なんだったら詳しく話した時に、ロープを付けられて船から落とされ4時間ほど宙ぶらりんの刑を受けたばっかりだ。
「残念ながら」
「まぁこれから占い師に占ってもらうんだけど」
「でしたら、貴方をスータンに《《落として》》私達は聖都に戻りますわ。自動運転馬車のお詫びをしなければなりませんし」
落として? いや降ろしての間違いだよな。
「ええっと……サン──」
俺が聞き返そうと思った瞬間甘い匂いが漂ってきた。
振り向くと兵士の1人がケーキとお茶を持って来た所だ。
徹夜をしていたサンや俺にデザートを持って来たのだ、さすがサンがコメットⅡ改に一緒に乗り込ませる兵士だ。
そもそも嫁入り前の皇族が数人とはいえ兵士数名と外に出るって事が普通ならおかしいもんな。
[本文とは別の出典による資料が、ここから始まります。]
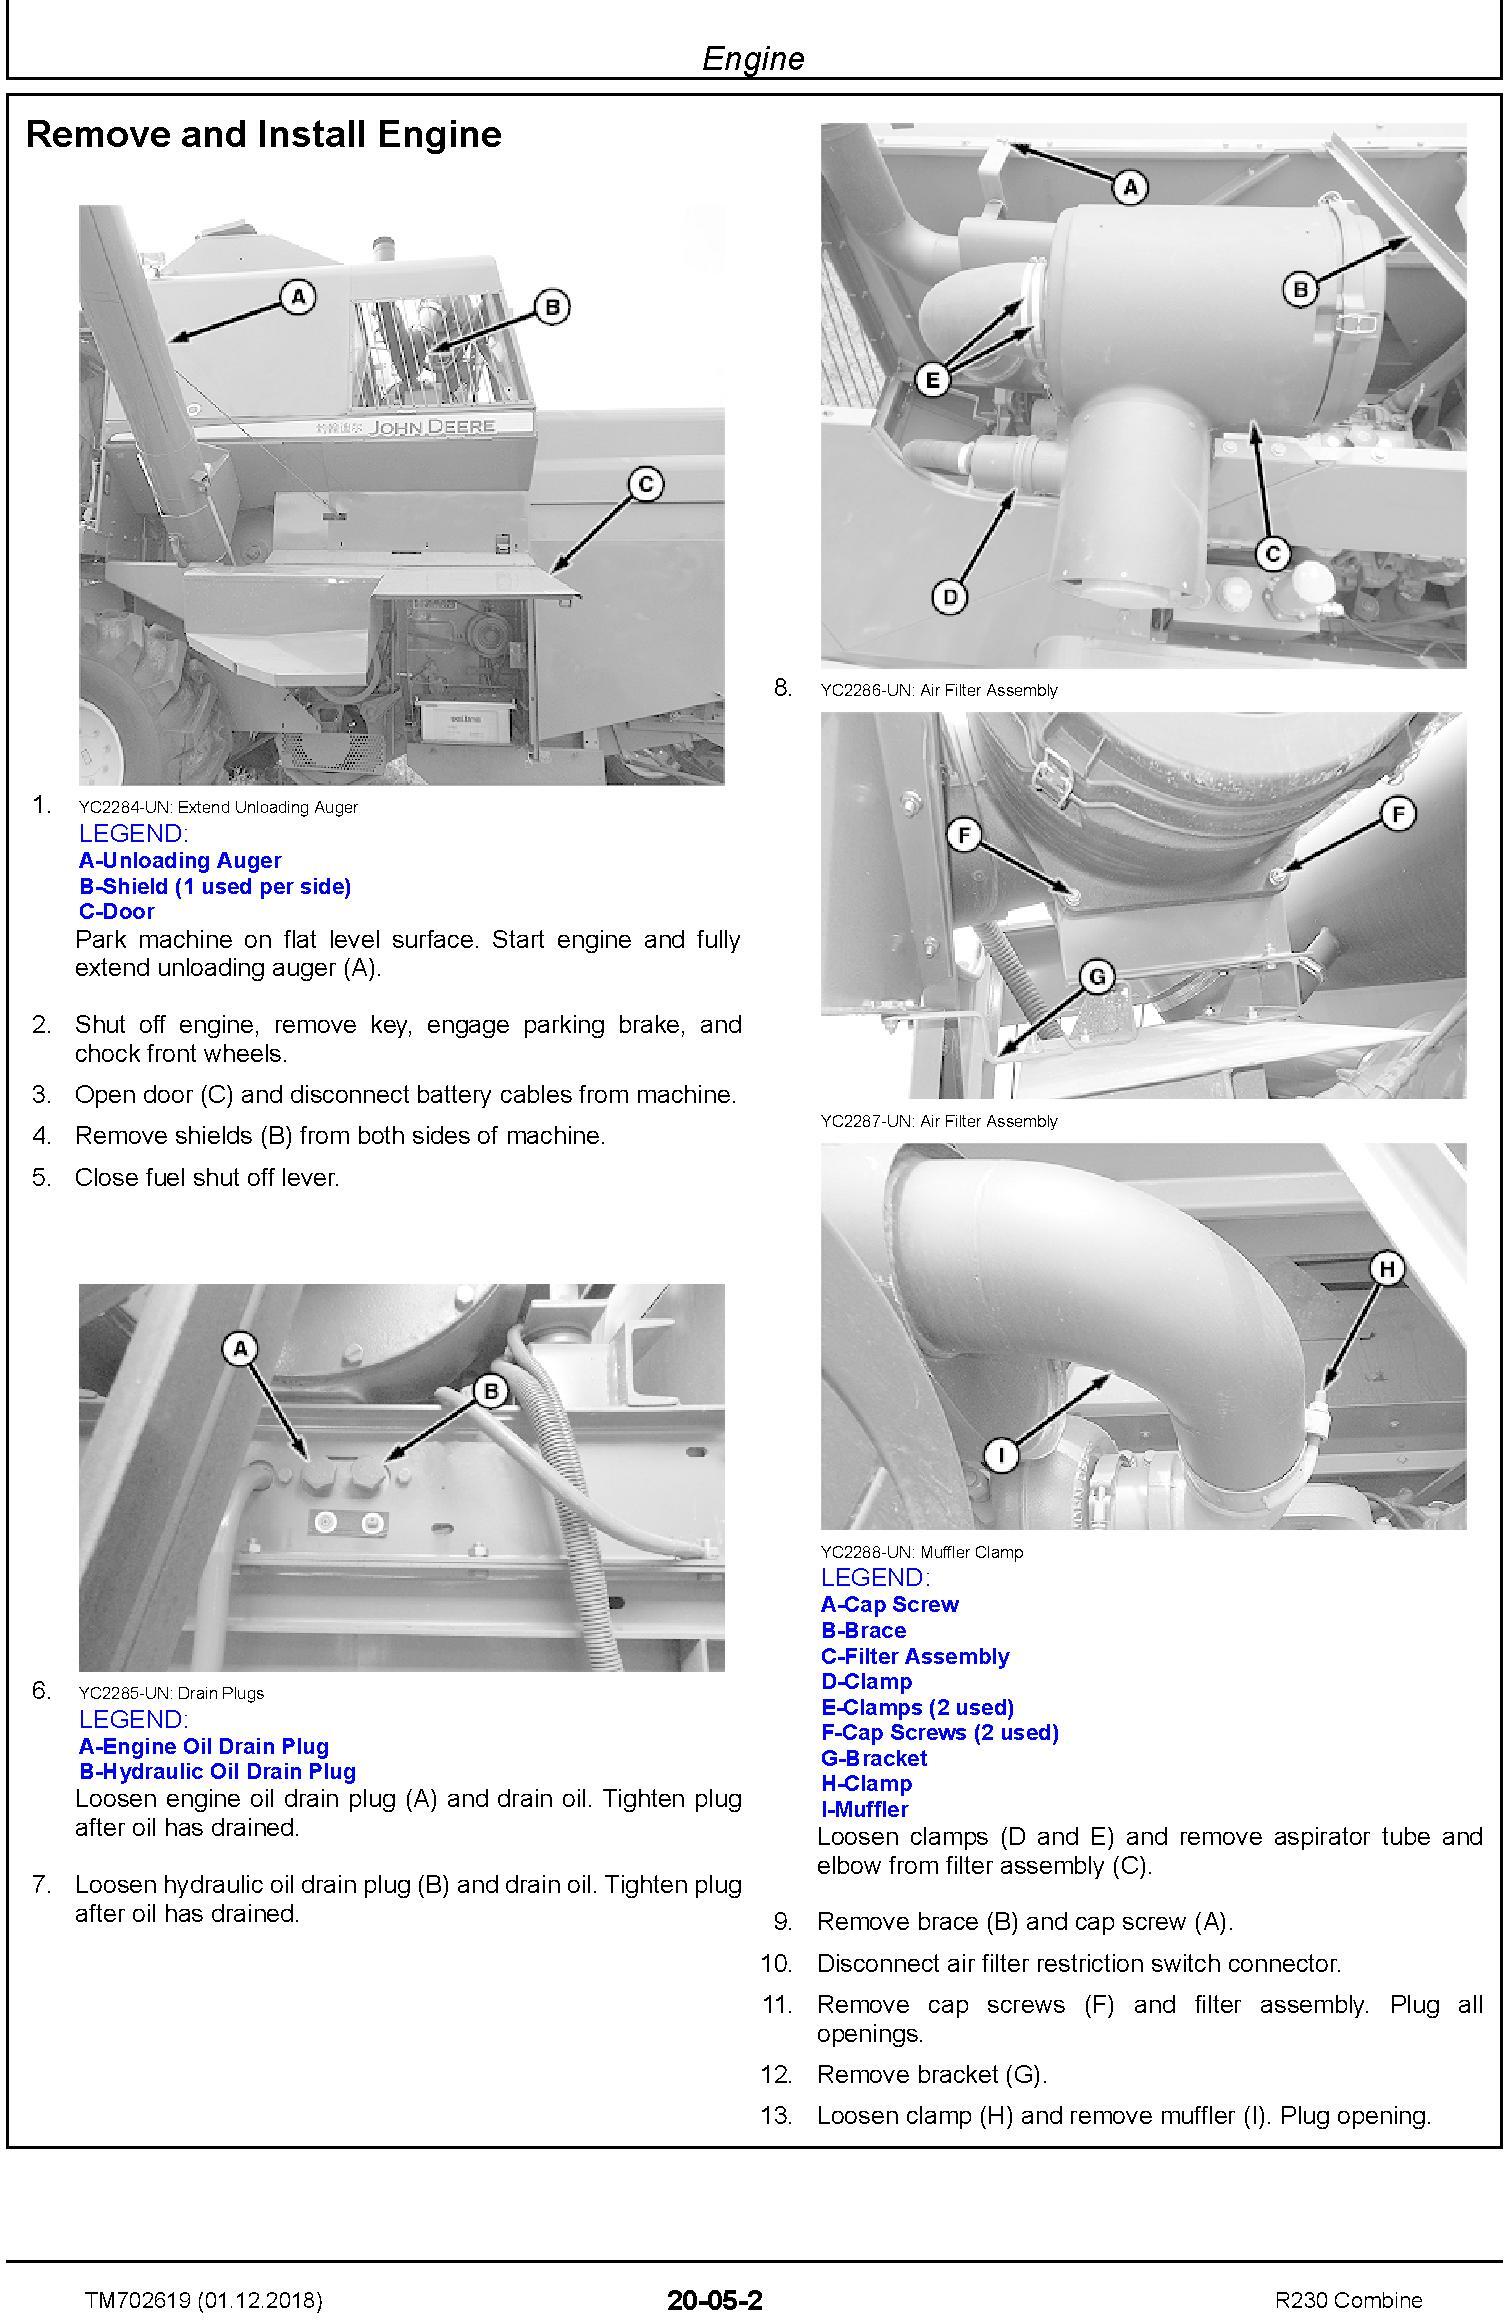 John Deere R230 Combine Technical Service Manual (TM702619) - 1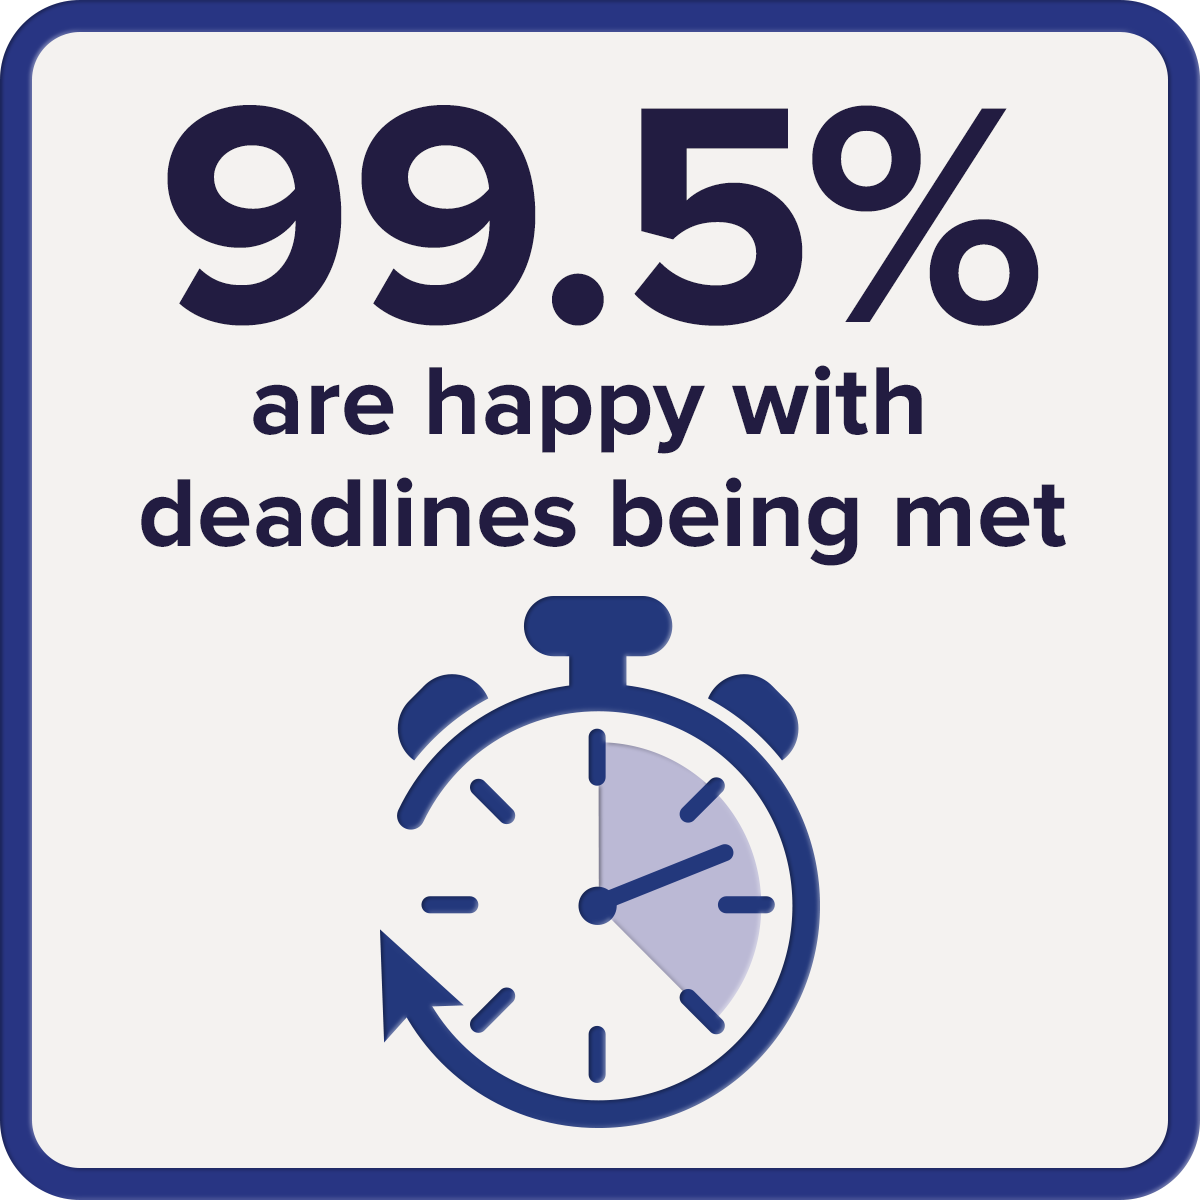 99.5% happy with deadlines met

そういう常識を全部すててるからこそ俺はサンを友人として好きなんだけど。
「頂きますわ。そうですわね……では。貴方たち」
サンが短く命令すると周りの兵士は俺を縛り上げた。
はい?
「あれ。昨日俺が縛られたのと同じなんだけど? ねぇ俺今日は何もしてないよ?」
「ええ、わかってますわ。今日は……ですわよね、昨日あなたを船から落とした時にさほどダメージを受けてない事を確認しましたの」
兵士達3人は俺を『コメットⅡ改』の中央に置いた後に黙って敬礼をして去っていく。
俺のその後ろについていこうとするとサンが呼び止めた。
「先に言いますけど、そこの中央の黒いタイルから離れると死にます」
「は?」
足元を見ると確かにここだけ色が黒い。
もう一度サンを見る。
「動くと死にます。いえ、貴方の事だから死なないとは思いますけど。打ちどころが悪いと一生使い物にならなくなりますわね」
「どこの!?」
いつの間にかサンの横に兵士が立っていて、サンに黄色いバナナを手渡した。
サンはバナナを向いて俺に見せつけるようにバナナの半分を手でつぶした。
「このように、この果物には深い意味はありませんわ。おやどうしました? 女性のように内股になってますけど」
「冗談だろ?」
「何の話でしょう? さて……スータンについて、イフまで送ってほしい。と言う話でしたけど。私達はすぐに聖都に戻り自動運転車の事を謝罪しに行きます。あとはご自分でなんとかしてください」
サンがそう言い切ると俺は突然に落下した。
そう床の一部が開いて足から落ちる。
「うおおおおおおおおお! だ、だましたなあああああああ」
どこかで「騙されるほうが悪いと思いますの」と聞こえた気がする。
結果からいうと動いたほうが安全だった。
床に穴が開くだけの簡単な罠で、俺がそこに足止めさせるためにサンは嘘をついたのだ。
単純で残酷な罠。
普通の人間であれば手足を拘束されて上空から落とされるだけで死ぬ。
普通の人間ならね。
俺のように魔法使いなら話は別だ。
「水槍! 水盾・連!!」
水槍で手の縄を斬る。次に足。
最後に足元に水盾を連打させて落下の衝撃を押し殺す。
水盾を十数回唱えた所で俺の体は砂地に落ちた。
少し先にはスータン名物のピラミットがみえている。
「着地……何も落とすことなくない? ちょっとクウガが老人になったって言っただけじゃん……やーいやーい。行き遅れ皇女ーぉぉお? うおおおおおおおおお!?」
絶対に聞こえるわけないのに『コメットⅡ改』が旋回して戻ってきた。
自慢の単砲が俺のほうに向いては魔力の弾を発射してくる。
俺直ぐ横に着弾しては大きな砂柱を立てて飛び去って行く。
「この距離で聞こえるわけが……いやまさか、ええっと地獄耳……」
俺が言うと『コメットⅡ改』がまた戻ってきた。
「冗談だろ!!」
驚く俺に胸元から『冗談ではないですけど』と、サンの声がした。
慌てて内ポケットに手を渡すと魔石レシーバーだ。
遠い人と会話ができるレシーバーで、敵国同士の若い男女が戦争中に使った。と言われる秘宝。を真似して作った物。
「魔石レシーバー!?」
魔石レシーバーからサンの不機嫌な声が響く『なんで試作機の名前を貴方が知っているんですの! 驚かせようと思っていれたのですが突然にわたくしの悪口を……』
全部聞かれてた。
「違う! サンは広大な心で聖母のようだって思って」
レシーバーからはなおも不機嫌な声『まぁ距離と魔力実験で……すので……もうそろそろ聞こえなくなると……思いますけど。丁度あなたの横に……魔物が居たので撃っただけで……すので』
壊れたラジオみたいになると最後は何も聞こえなくなった。
『コメットⅡ改』大きく旋回しては飛んでいく。
俺はそれが消えるまで一切無言で見送った。